Der 50-Jährige sieht der Entscheidung illusionslos entgegen. Keine staatliche Institution sei in den vergangenen Jahren so beschädigt worden wie die Justiz, sagte Önderoglu unserer Zeitung in Istanbul. „Selbst in den 1990er Jahren war die Gefahr nicht so groß.“ Damalige Scherereien mit den Behörden waren nach seinen Worten „relativ milde im Vergleich mit dem feindseligen Klima heute“. Für Mittwoch rechnet der ROG-Vertreter mit einer Verurteilung und einem anschließenden Berufungsverfahren.

Zusammen mit der Menschenrechtlerin Sebnem Koru Financi und dem Intellektuellen Ahmet Nesin steht Önderoglu vor Gericht, weil er im Jahr 2016 an einer Solidaritätsaktion für die pro-kurdische – damals aber noch nicht verbotene – Tageszeitung „Özgür Gündem“ teilnahm. Die Staatsanwaltschaft wertet das Engagement als Verbreitung von „Terrorpropaganda“. Mehrere andere Aktivisten, die ebenfalls für „Özgür Gündem“ eintraten, sind bereits zu Haftstrafen verurteilt worden. Die Zeitung wurde kurz nach dem Putschversuch von 2016 zusammen mit mehr als hundert weiteren Medieneinrichtungen geschlossen.

Auf der ROG-Skala der Pressefreiheit rangiert die Türkei auf Platz 157 von 180 erfassten Ländern. Besonders seit dem Putschversuch gehen die Behörden rigoros gegen unliebsame Berichterstatter vor. Regierung und Justiz argumentieren, dass der Staat vor neuen Bedrohungen geschützt werden müsse.
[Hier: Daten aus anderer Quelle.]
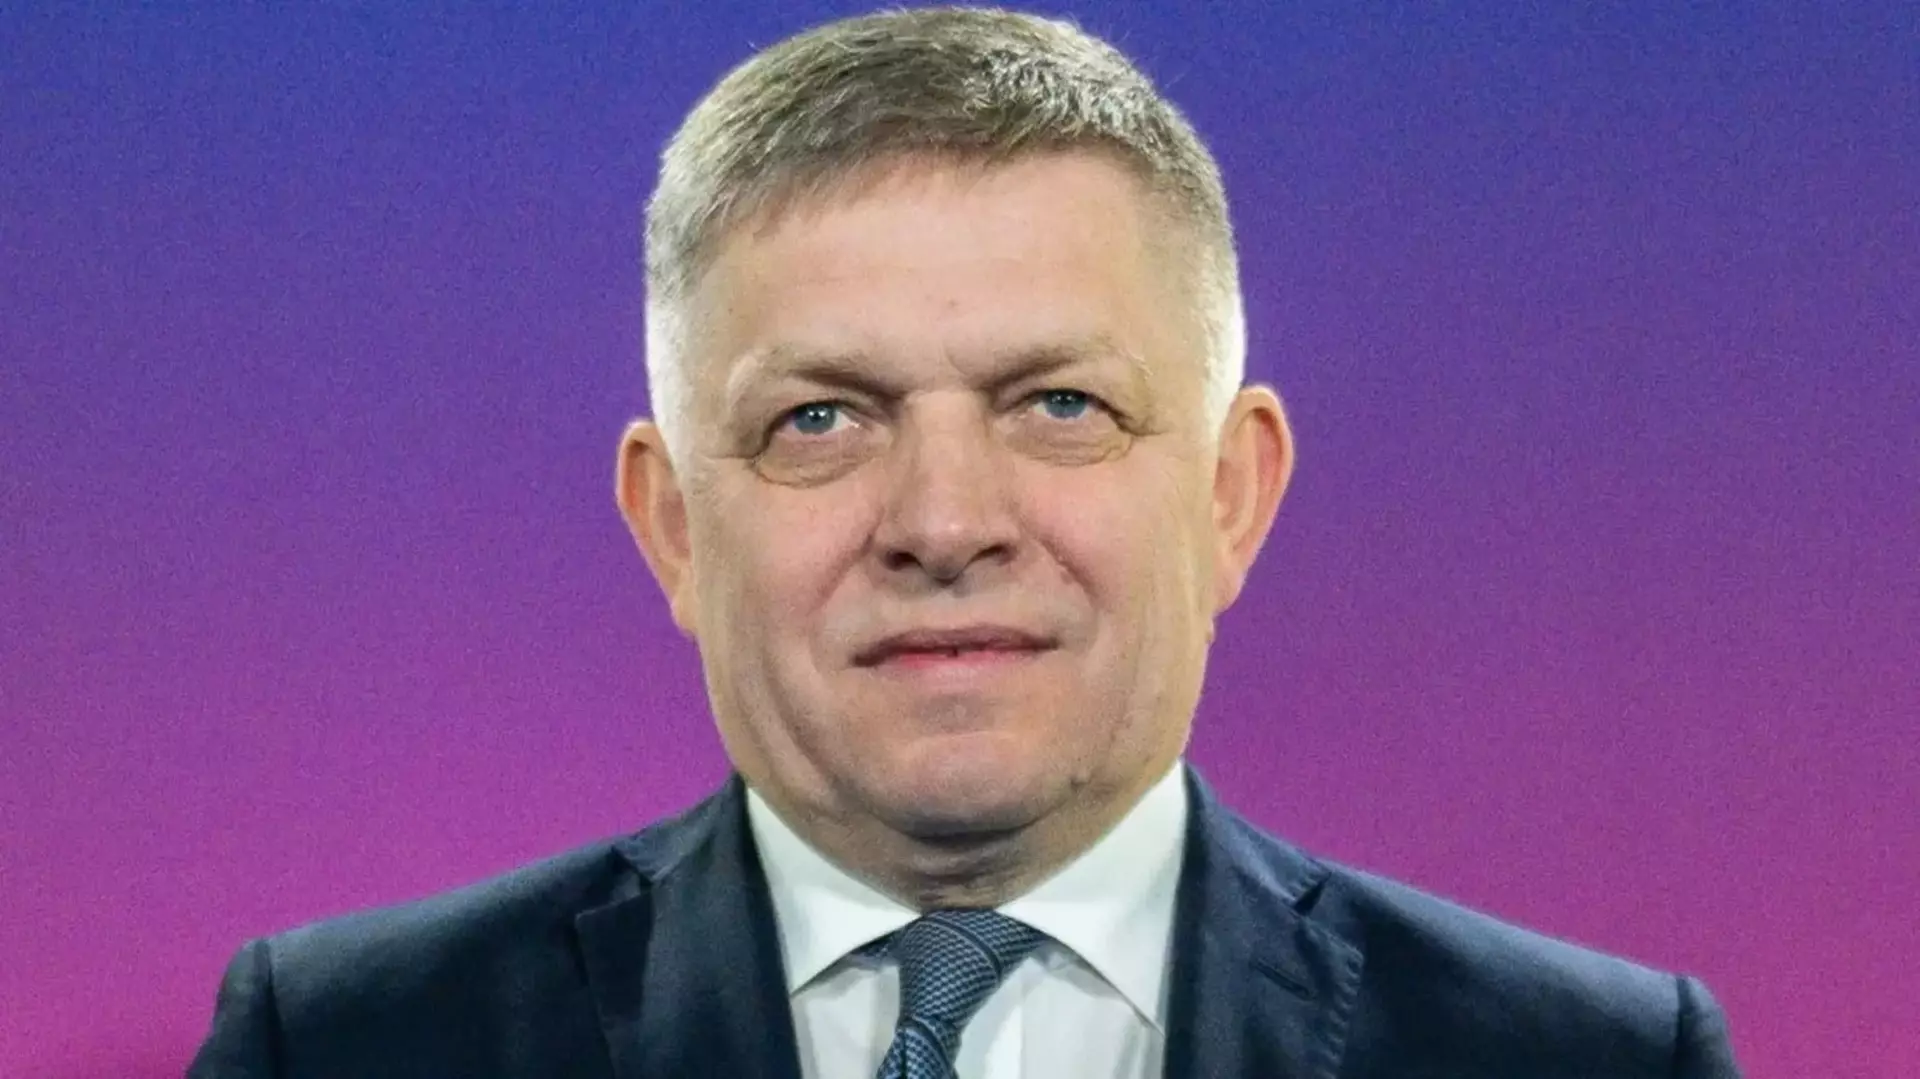 Состояние раненого премьер-министра Словакии остается тяжелым

Dazu zählen die Behörden auch Journalisten. Erst neulich erklärte Präsident Recep Tayyip Erdogan, wer „Stift und Kamera in den Dienst einer Terrororganisation stellt“, sei für ihn kein Journalist.
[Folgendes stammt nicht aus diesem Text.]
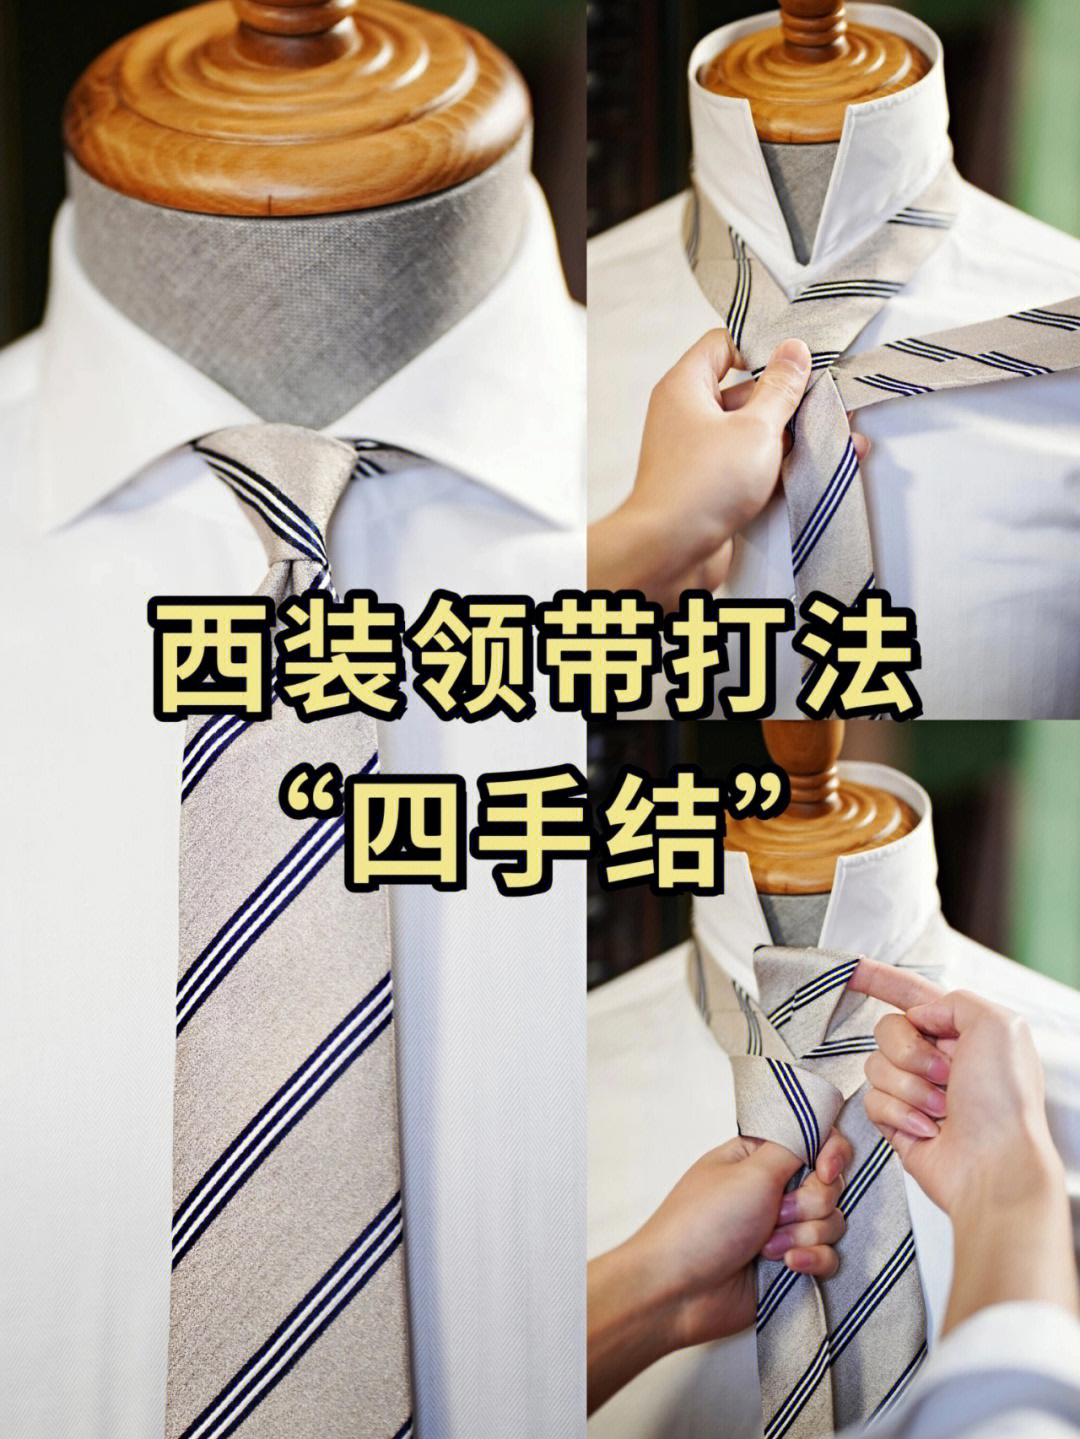 四手结领带打法图片

Wie bei Önderoglu genügt den Behörden die Unterstützung einer pro-kurdischen Zeitung als Terror-Beweis: Der Terror-Begriff wird so breit ausgelegt, dass Meinungsäußerungen auch dann als terroristische Straftat verfolgt werden können, wenn sie keinen Gewaltaufruf enthalten. Laut einer Zählung der türkischen Journalisten-Gewerkschaft TGC sitzen derzeit 155 Medienmitarbeiter im Gefängnis.

In jüngster Zeit haben mehrere Entscheidungen hoher Gerichte die Hoffnung genährt, dass sich die Lage verbessern könnte. So hob der Berufungsgerichtshof kürzlich lebenslange Haftstrafen gegen zwei prominente Journalisten auf. Önderoglu will jedoch noch nicht von einem neuen Trend sprechen. Die betroffenen Kollegen säßen schließlich schon seit rund drei Jahren hinter Gittern. „Späte Gerechtigkeit ist keine“, zitierte der ROG-Vertreter einen bekannten türkischen Spruch. „Die Journalisten zahlen die Zeche, und die Korrektur kommt erst, wenn der Schaden längst angerichtet ist.“

Eine Rückkehr zu den EU-Reformen des vergangenen Jahrzehnts, mit denen die Meinungsfreiheit gestärkt wurde, erwartet Önderoglu nicht. Auch für ihn selbst könnte sich die Lage in absehbarer Zeit noch zuspitzen. Im November beginnt ein weiterer Strafprozess, bei dem ihm ebenfalls Terror-Propaganda vorgeworfen wird.

In dem neuen Verfahren legt ihm die Staatsanwaltschaft zur Last, dass er öffentlich für das Recht von mehreren hundert Akademikern eintrat, die Kurdenpolitik der Regierung in einem gemeinsamen Appell zu kritisieren. Etliche der Akademiker stehen deshalb vor Gericht – und jetzt werden auch Aktivisten wie Önderoglu verfolgt, die den Aufruf als legitime Meinungsäußerung verteidigt haben. Önderoglus Bilanz ist bitter: Die Justiz im EU-Bewerberland Türkei sei zu einem „extrem repressiven Werkzeug geworden“.